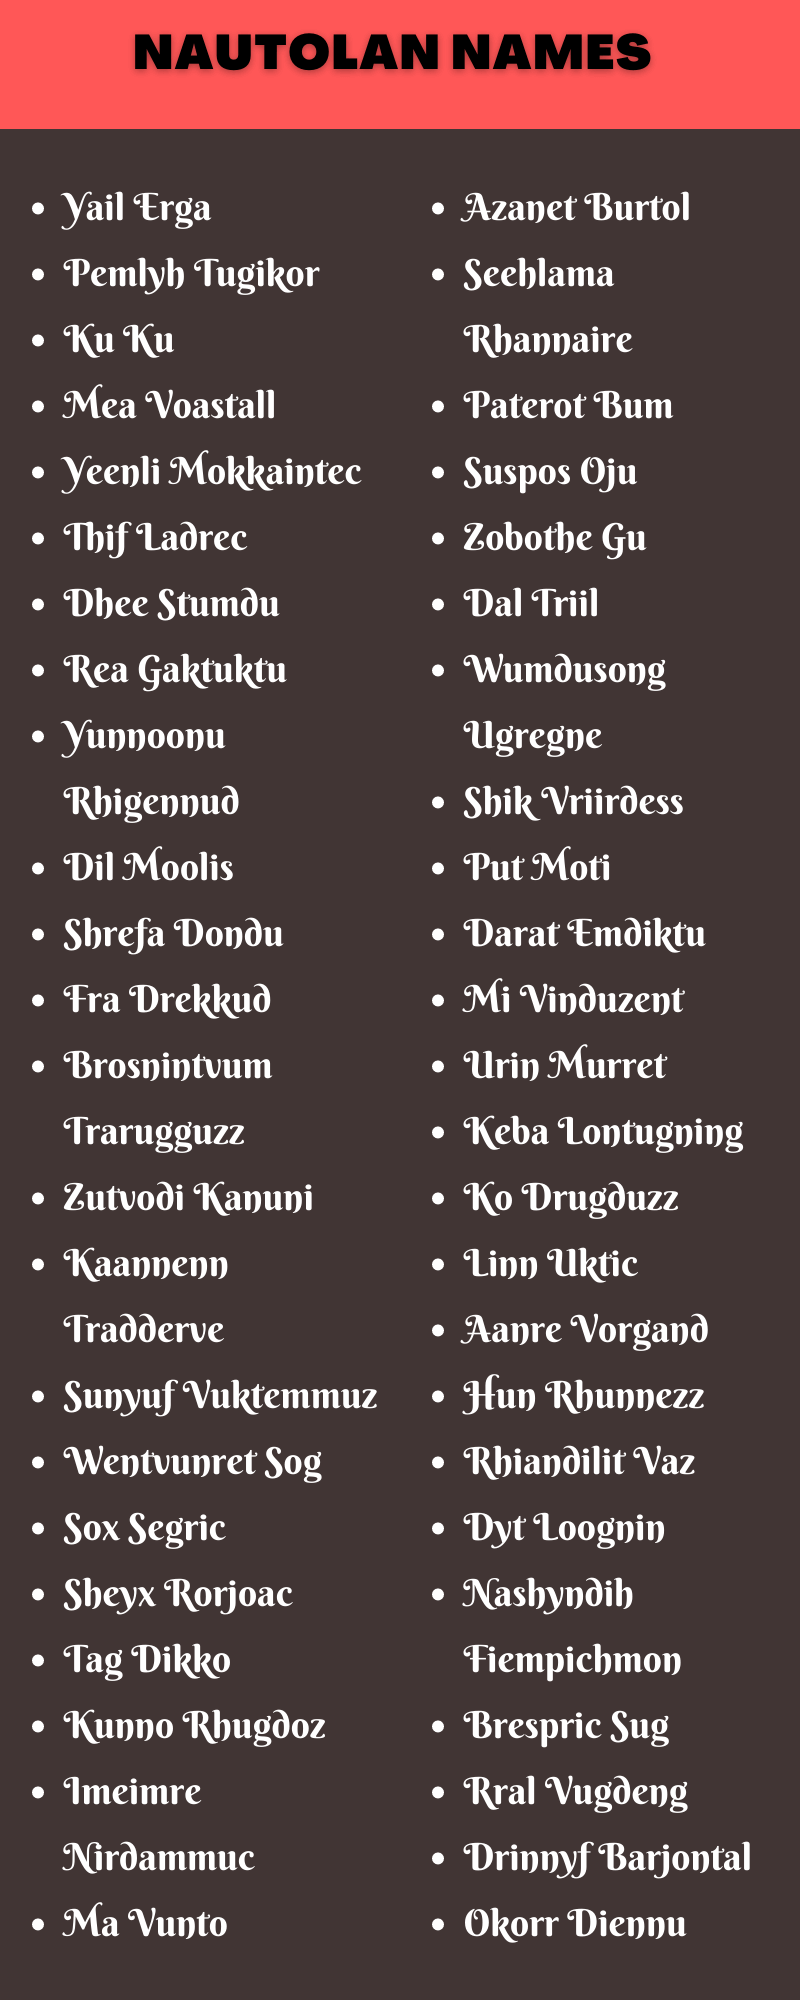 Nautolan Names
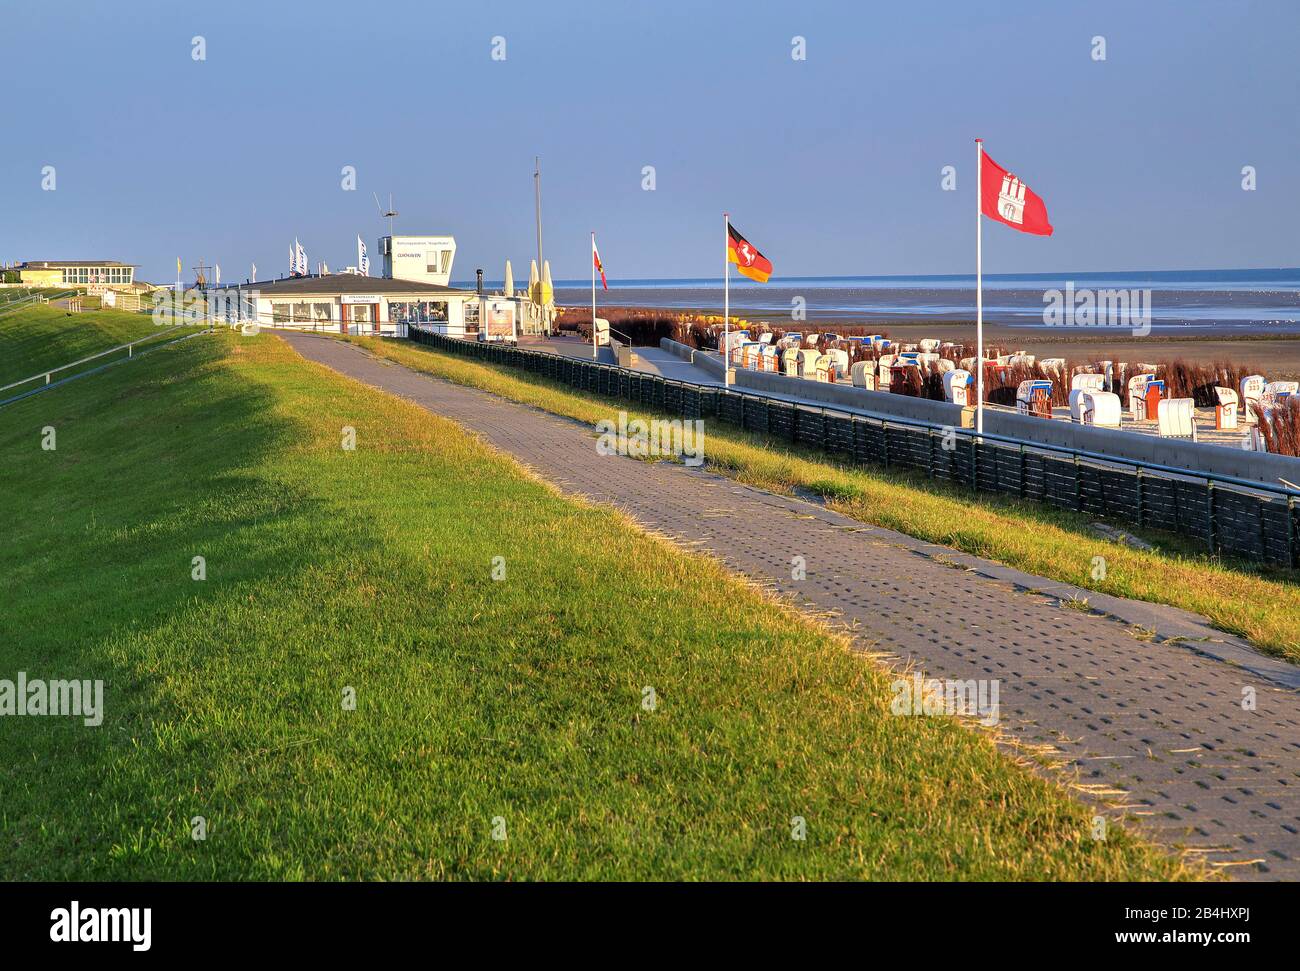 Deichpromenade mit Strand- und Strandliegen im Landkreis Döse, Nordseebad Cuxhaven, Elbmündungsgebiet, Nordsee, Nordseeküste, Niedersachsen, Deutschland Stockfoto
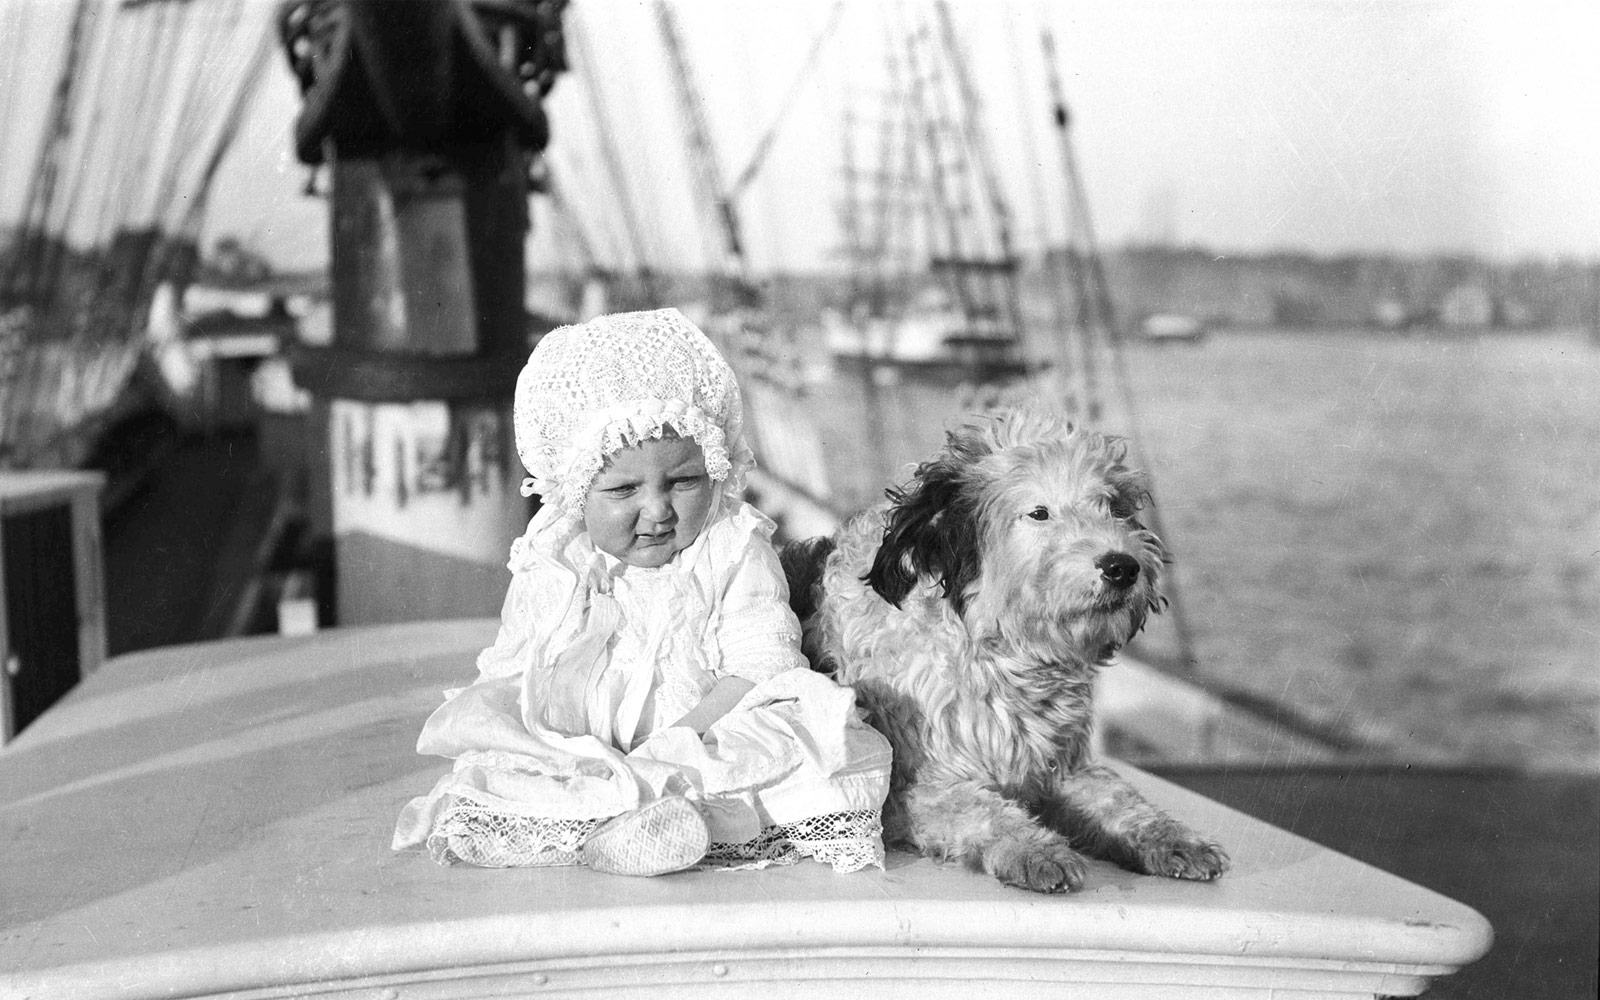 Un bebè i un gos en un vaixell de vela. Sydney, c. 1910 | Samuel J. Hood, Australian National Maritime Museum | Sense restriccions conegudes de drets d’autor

> PROBLEM
I would like the data above transcribed exactly, with its pictures left out.

> OUTPUT BELOW
 Nautolan Names
 Deichpromenade mit Strand- und Strandliegen im Landkreis Döse, Nordseebad Cuxhaven, Elbmündungsgebiet, Nordsee, Nordseeküste, Niedersachsen, Deutschland Stockfoto
 Un bebè i un gos en un vaixell de vela. Sydney, c. 1910 | Samuel J. Hood, Australian National Maritime Museum | Sense restriccions conegudes de drets d’autor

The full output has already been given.